There is a lot of talk these days about predictive analytics, big data, real-time analytics, dashboards, and active data warehousing. These topics are related in a fairly straightforward way. Further, there are new claims about in-memory database processing that blends these issues into a promise of real-time predictive analytics. Lets tease the topic apart…
Predictive analytics is really composed of two parts: modeling and scoring.
Modeling requires big data to discover which information from the enterprise predicts some interesting event. Big data is both broad and deep: broad because no one knows which data elements will be predictive… “which elements” has to be discovered in the modeling exercise… and deep is required because it takes history to detect a trend.
The model that results represents a rule: if the rule’s conditions are true then we can predict the outcome within some statistical boundaries. For example: “if a payment has not been received within 120 days and the customer’s account balance has dropped over 40% in the last year then there is a 83.469271346% chance that the customer will default on the payment. Note that you can create a rule without predictive modeling and without a statistical boundary… for example: “if payment has not been received within 120 days then the customer will likely default”. We have been creating these heuristic rules since time began… and the point of predictive analytics is to discover rules more accurately than by heuristics. You might say then that a model defines, or predicts with some certainty, an event of interest. The definition may be described as a set of rules.
Scoring requires only the elements discovered by the modeling exercise… and may or may not require big deep data. Big data is required if any of the discovered elements represents a trend. For example, if to predict a stock price there are elements that represent the average price over the last 30 days, 90 days, 180 days, etc.; and that calculate the difference between the 90 day number and the 30 day number to show the trend; then either the data has to be aggregated on-the-fly from the detail… or it must be pre-aggregated.

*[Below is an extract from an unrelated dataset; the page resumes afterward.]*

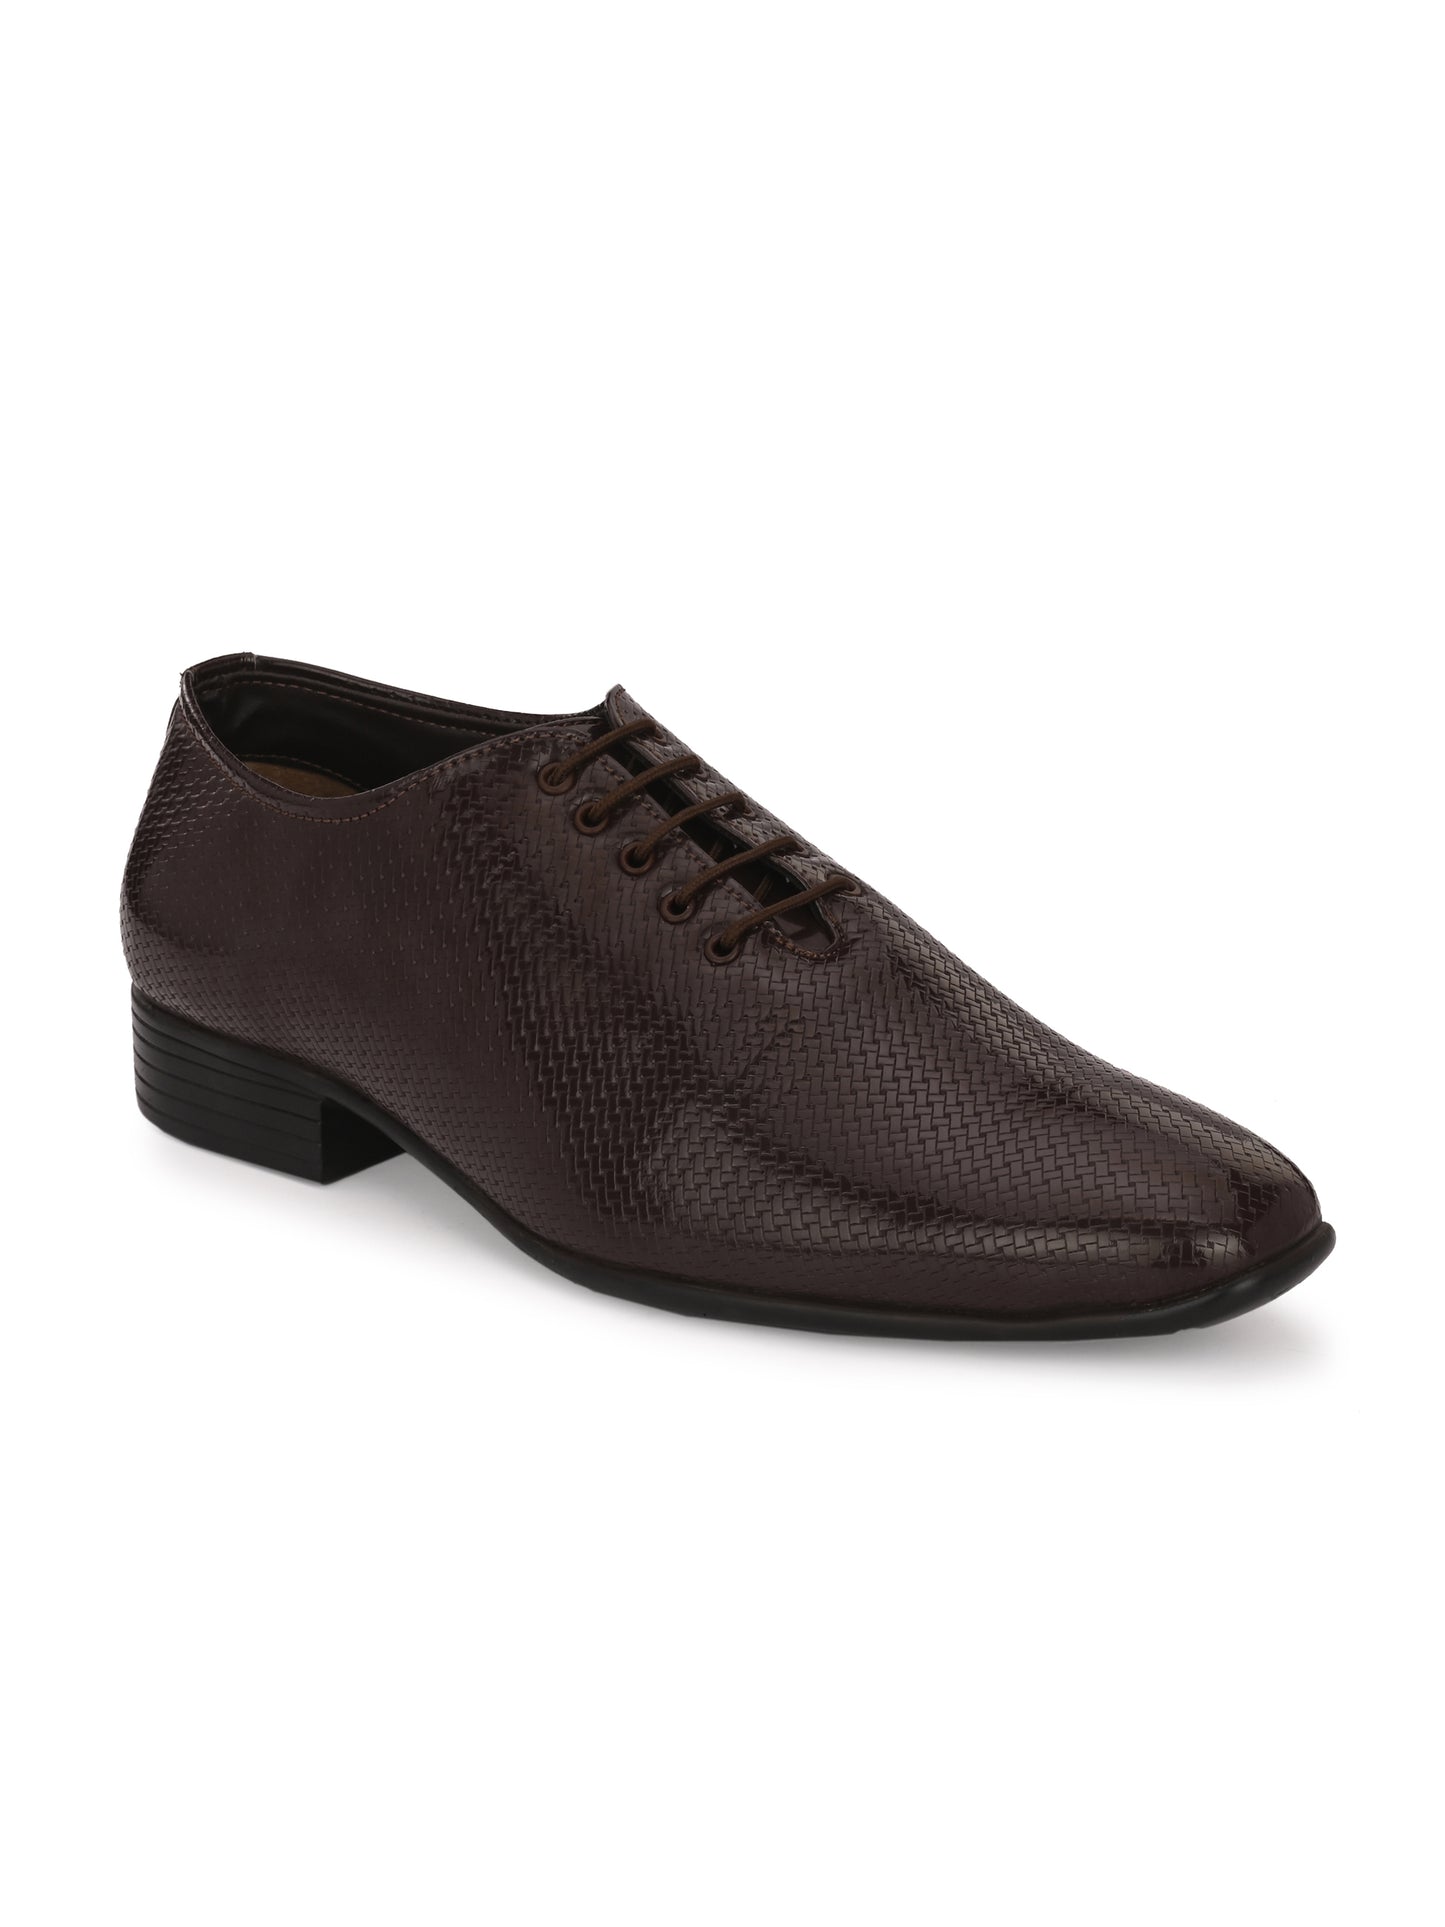 Guava Men's Brown Textured Onecut Lace Up Formal Shoes (GV15JA838)

This distinction is important… the result of a modeling exercise may require the creation of some new aggregated data. Note that we are suggesting that a score depicts an interesting event.
Real-time analytics, or more fairly, near-real-time analytics, requires these rules to be checked ASAP after new information is available.

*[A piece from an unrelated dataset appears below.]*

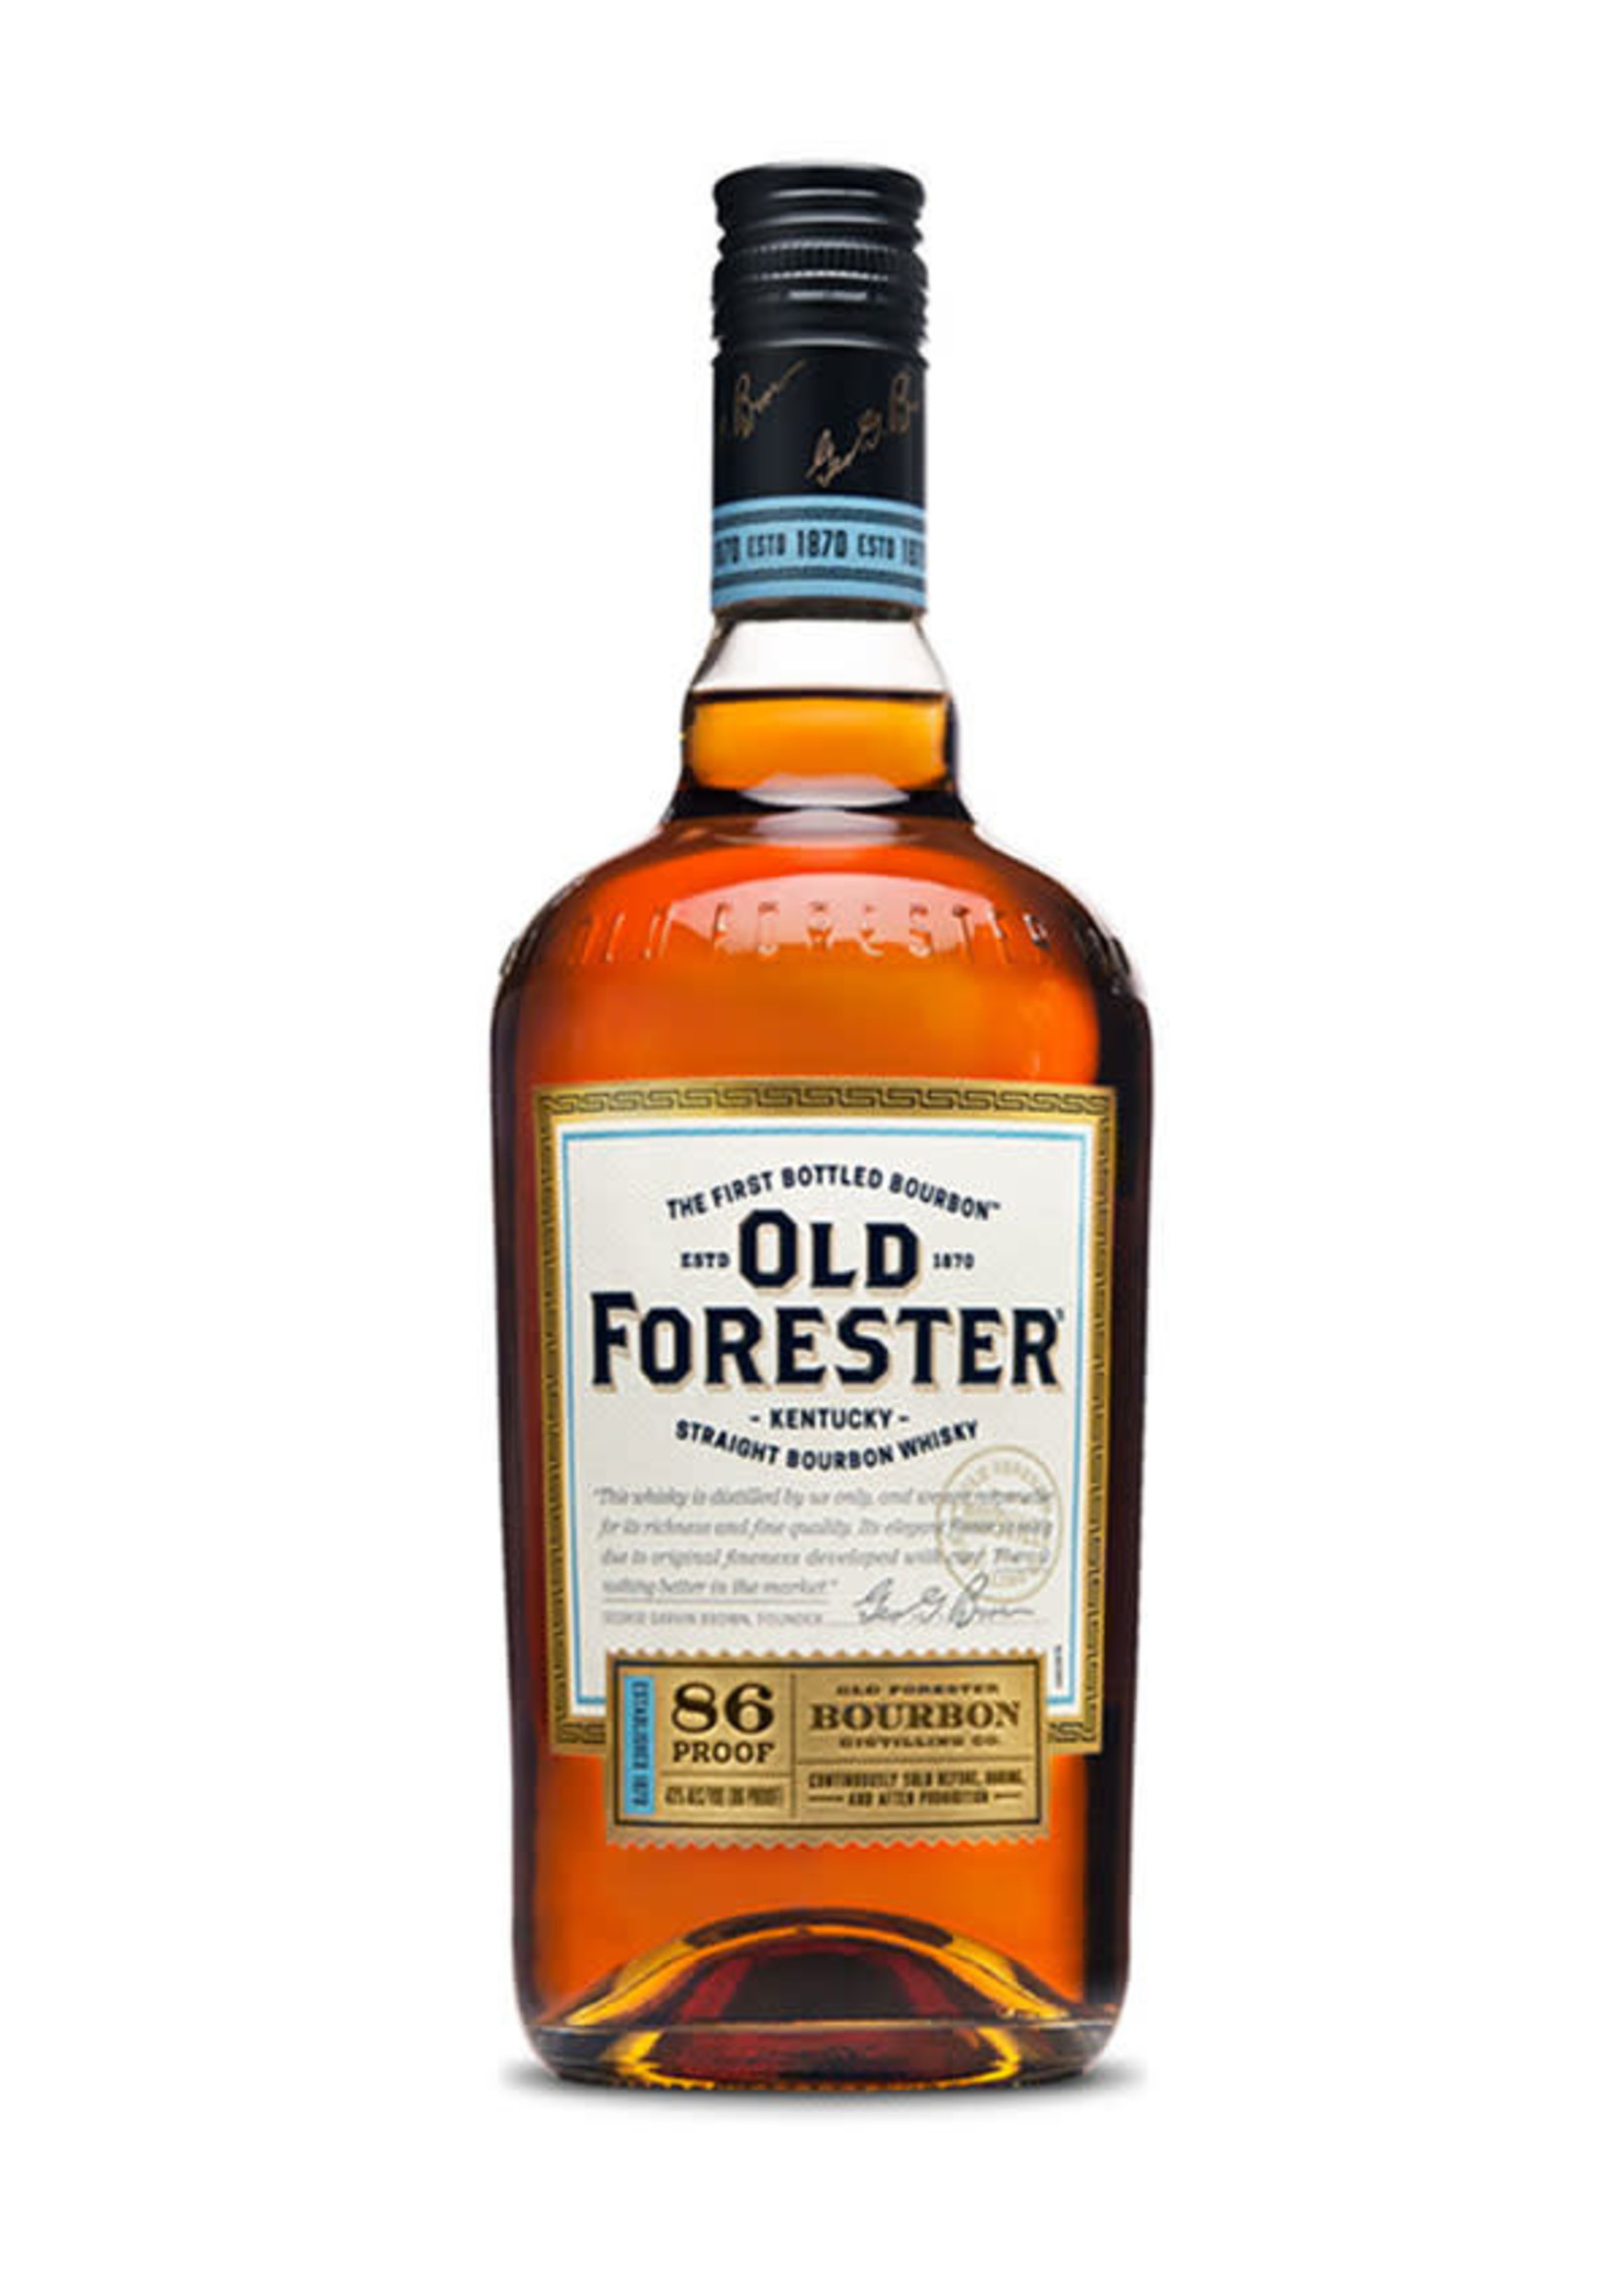 Old Forester Old Forester

A dashboard can provide one of two features: either the dashboard applies the rules and presents alerts when some rule triggers… or the dashboard may present raw data for evaluation by a human. For example, the speedometer on your car dashboard presents raw data and it is up to you to apply rules based on the input. Note that the speedometer on your car provides a real-time display. Sometimes BI dashboards use real-time displays like a speedometer to display static data. For example, I have seen daily metrics displayed using a speedometer widget… but since the speedometer updates just once a day this is clearly metaphorical.
Active data warehousing implies some sort of rule-based activity. The activity may be triggered in near-real-time or as a batch process.
But in any consideration of real-time processing there is an issue if the rules cross data input boundaries. By this I mean… it is simpler to build a speedometer that reads from one input, the rotation of the axle, than to build a meter that incorporates multiple inputs… for example the meter that displays how many miles/meters you have left before you run out of petrol. But to provide this in real-time your car has real-time access to two inputs… and an embedded processor is required to integrate the data and derive the data display. Near-real-time displays of data warehouse data have the same constraints… if the display requires data from more than one source that data has to be acquired and integrated and calculated/scored in near-real-time. This is a daunting problem if the sources cross application system boundaries.
In the book “In-memory Data Management” Plattner and Zeier promise near-real-time analytics from an in-memory DBMS, HANA. But there is no discussion of how this really works for a data warehouse across source systems based on integrated data. Near-real-time predictive modeling requires broad data that will cross these systems boundaries. It may be possible to develop a system with near-real-time data acquisition and integration can occur… and rules may be applied immediately to identify interesting events. But this sort of data acquisition is very advanced… and an in-memory database does not inherently solve the problem… every application in the enterprise will not be in the same memory space.
I do not see it. SAP may live in a single memory space… and maybe every possible application of that data can live there as well. But as long as there is relevant data outside of the space data integration is required and the argument for real-time weakens.